Bright red blood flowed a few seconds later on the white enamel toilet. Brutally a simple and physiological explanation had imposed itself. I heard my mother say to me, "You're in a bad mood, you'll probably have your period soon," and my God, how these mood movements seemed real, that this blackened vision of the world during the few days before my periods were shouting with truth! 

But then, at last, I understood why my heart was so heavy and my body so tired; so I grabbed a sanitary napkin from the sanitary dispenser, put on my pajamas quickly and washed my hands and teeth while looking at myself in the mirror above the sink. My face was pale, with no trace of the colors of summer.

"Good night, Betty ... You, you're pure ..." Always an excessive solemnity in the words of Laurent, but it was the first time that his fervor touched me so much, and I still heard his voice when sleep had won me. I was so tired ... All that theater organised around the gypsy had exhausted me ...

"Betty, come, come ... Wake up!" Another voice urged me now to open my eyes that still felt very heavy. "Come on, little girl, come with me ... you're so pretty, wake up, Betty!"

Dominique - He was the only one to call me "little girl" - was looking for my shoulder, groping me in the dark.

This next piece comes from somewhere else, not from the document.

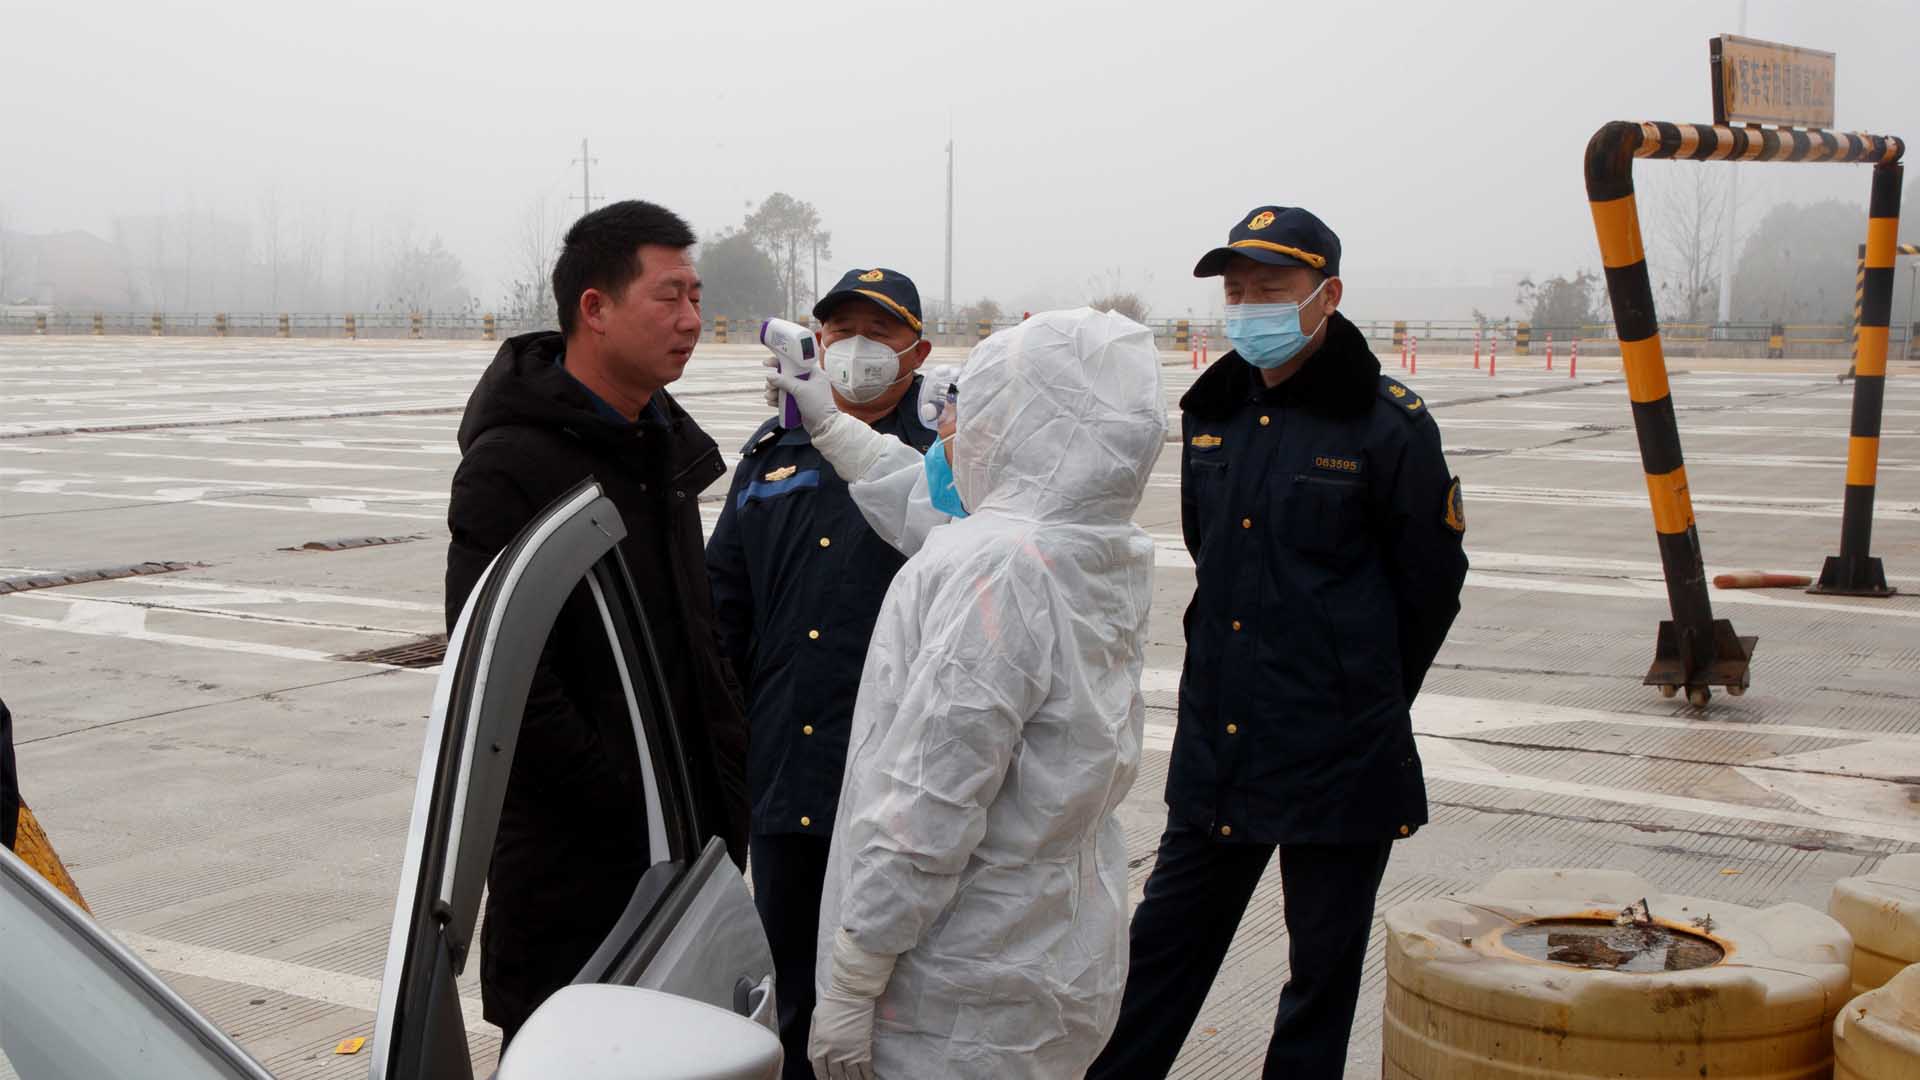 El coronavirus deja ya más de 100 muertos en China mientras los extranjeros se preparan para ser evacuados

He was laughing a little. "Come on, in my caravan, my beauty, get up Betty!" His breath smelled of alcohol and cigarettes, I was now awake, of course, but I remained motionless, heavy, pretending to sleep again. "come, please "

 At that moment, while Dominique pushed back my cover to make me move better, Anne's voice had risen in the darkness, perfectly high and clear. She spoke as in broad daylight, calmly, without shouting, but with a hard tone, anger held back:

"What are you doing here, Dominique? Don't you know it's forbidden? Don't you know she's a minor? Leave her alone and let us sleep!"

"Ahh, fuck sakes, Anne ... Slow down now! Shut up!"

And immediately dropping my blanket, Dominique had left the dormitory as soon as possible, without adding anything.

The silence reigned again in the dormitory, the scene lasted only a few moments, no one except Anne seemed to have woken up. She had remained in her place in her bed, and I, curiously, had adjusted my blanket, and turned to the other side, almost obscuring, by this very movement, the scene that had just taken place. And I went back to sleep immediately, erasing from my memory all that was embarrassing in what had just happened, without trying to comment on the facts with Anne, or to even process for a second what had just happened to me.